Lead Machine Learning Engineer
- newcastle upon tyne, tyne and wear, NE1 4AD, United Kingdom
- Permanent·On-site
- Full time
- £85,000 - £85,000 Per Annum
Job Description
About the Role
Our client is seeking an experienced and visionary Lead Machine Learning Engineer to spearhead their AI initiatives in Newcastle upon Tyne . You will be responsible for architecting, developing, and deploying robust machine learning systems that drive business value and innovation. This role offers the unique opportunity to build and lead a team of talented engineers, foster a culture of technical excellence, and make a significant impact on the company's strategic direction within the exciting domain of AI and emerging technologies.
Key Responsibilities
- Lead the design and implementation of end-to-end machine learning pipelines, from data ingestion to model deployment and monitoring.
- Develop and maintain scalable, production-ready ML infrastructure and MLOps practices.
- Mentor and guide a team of machine learning engineers, fostering their professional growth.

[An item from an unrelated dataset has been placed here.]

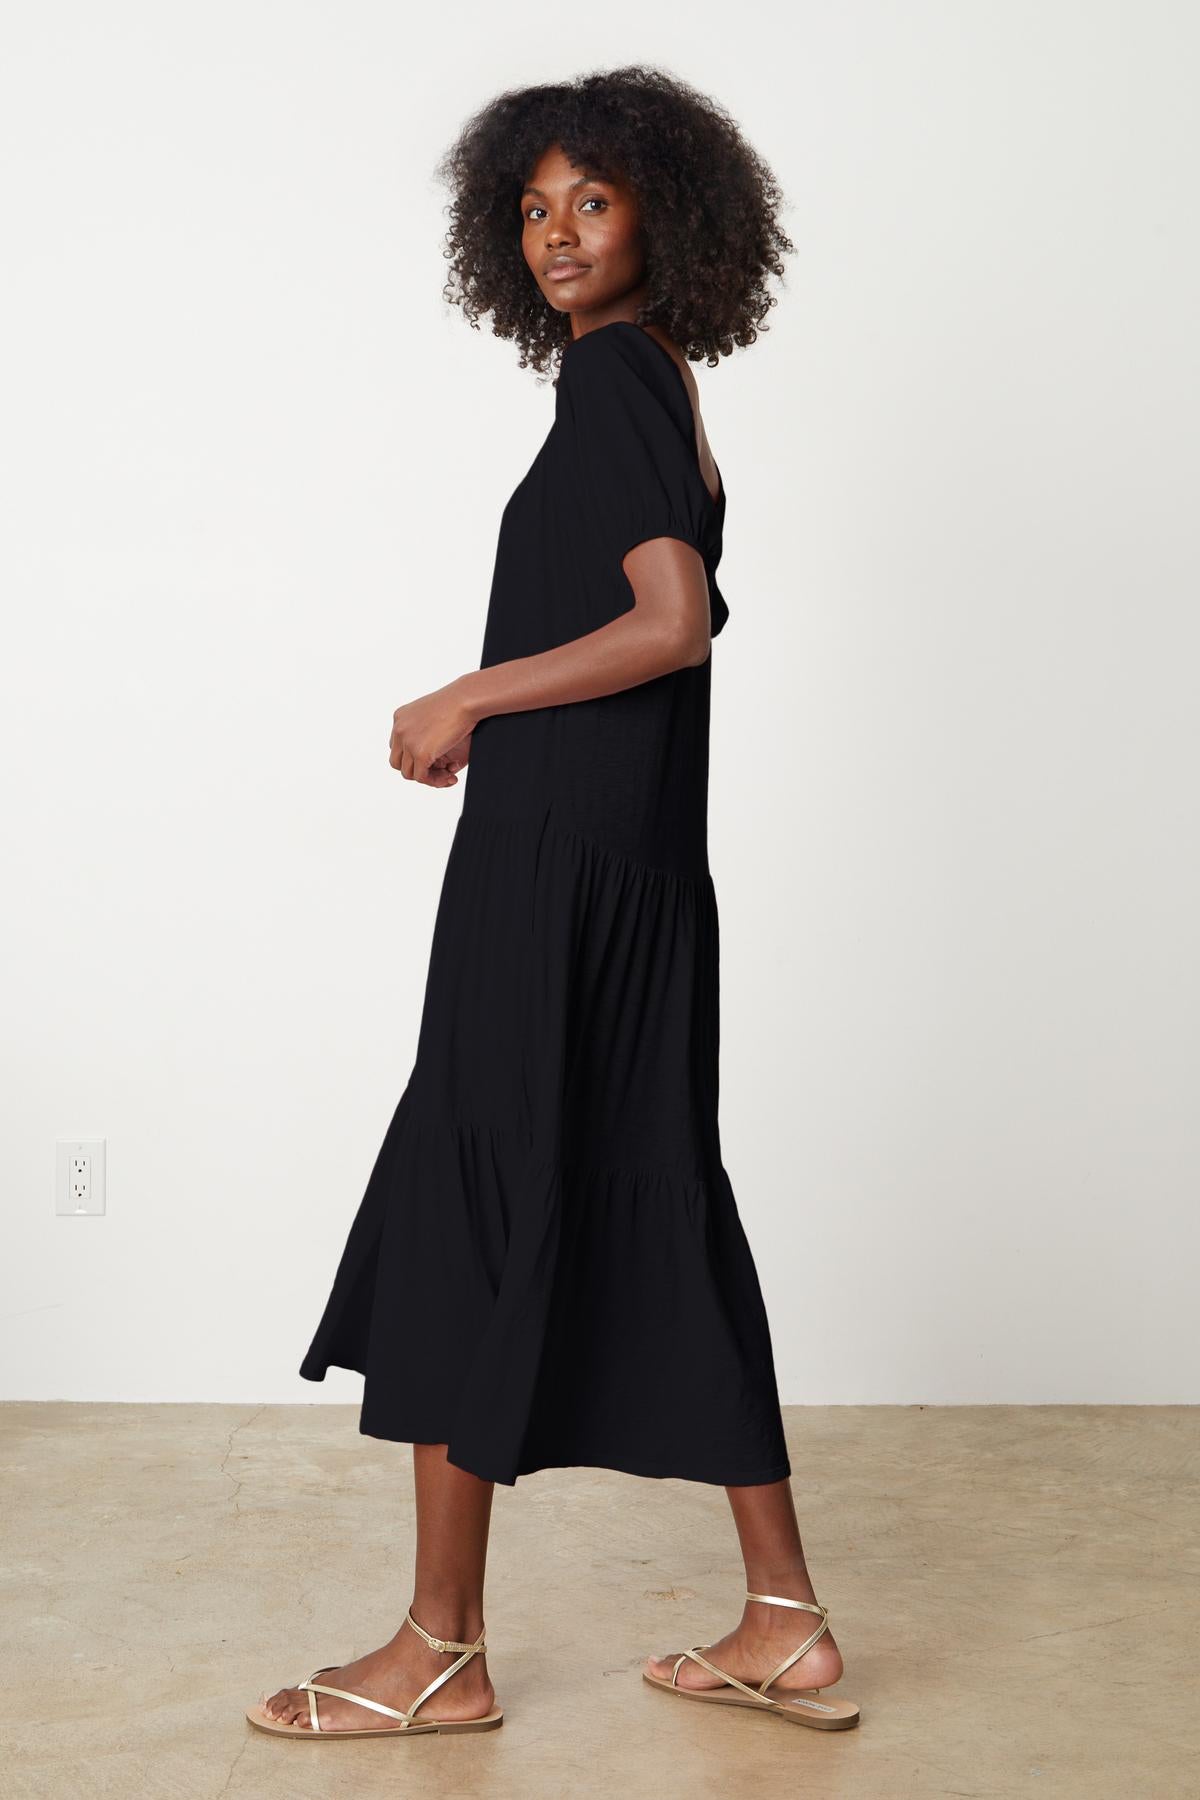   The model is wearing a black JANE SCOOP NECK TIERED DRESS by Velvet by Graham & Spencer and sandals. 
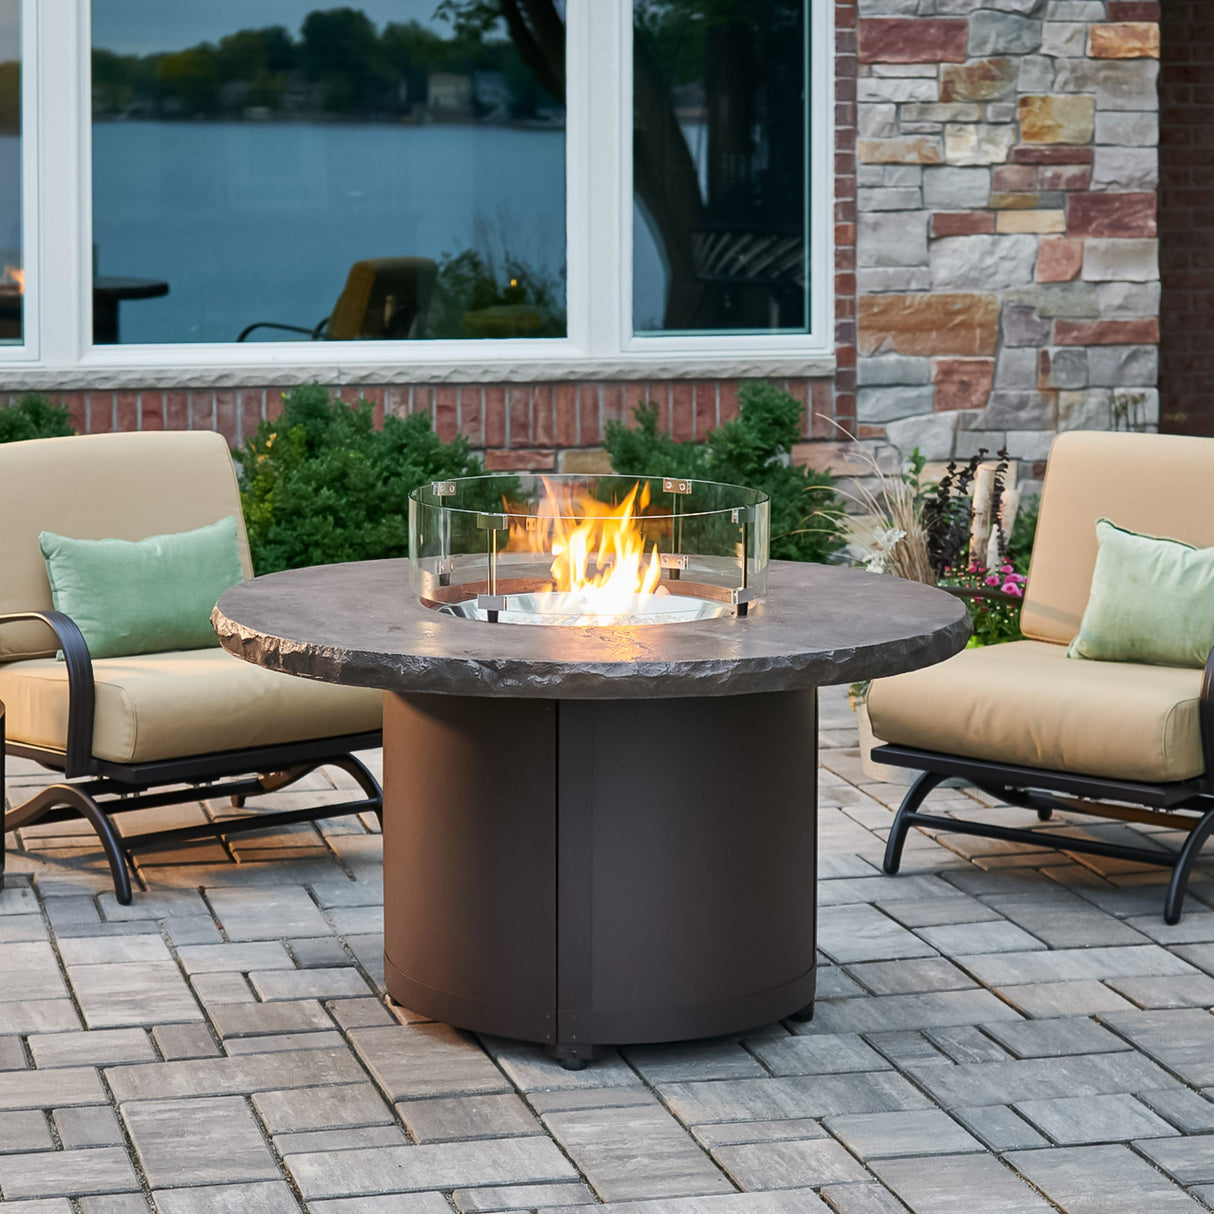 The Marbleized Noche Beacon Round Gas Fire Pit Table outside with a round glass wind guard protecting the flame

- Collaborate closely with data scientists and software engineers to translate research prototypes into deployable solutions.
- Stay abreast of the latest advancements in ML engineering and advocate for their adoption where appropriate.
Requirements
- Master's or Ph.D. in Computer Science, Engineering, or a related field.
- Minimum of 7 years of experience in machine learning engineering or a related role, with at least 2 years in a leadership position.
- Strong programming skills in Python, with extensive experience in ML libraries (e.g., scikit-learn, XGBoost).
- Demonstrated experience with cloud platforms (AWS, Azure, GCP) and containerization technologies (Docker, Kubernetes).
- Proven ability to build and scale production ML systems and understand MLOps principles.
Benefits
- Competitive salary package with attractive bonus opportunities.
- Comprehensive health, dental, and vision coverage.
- Generous pension scheme and life assurance.
- Professional development budget and opportunities for advanced training.
- Relocation assistance may be available for suitable candidates.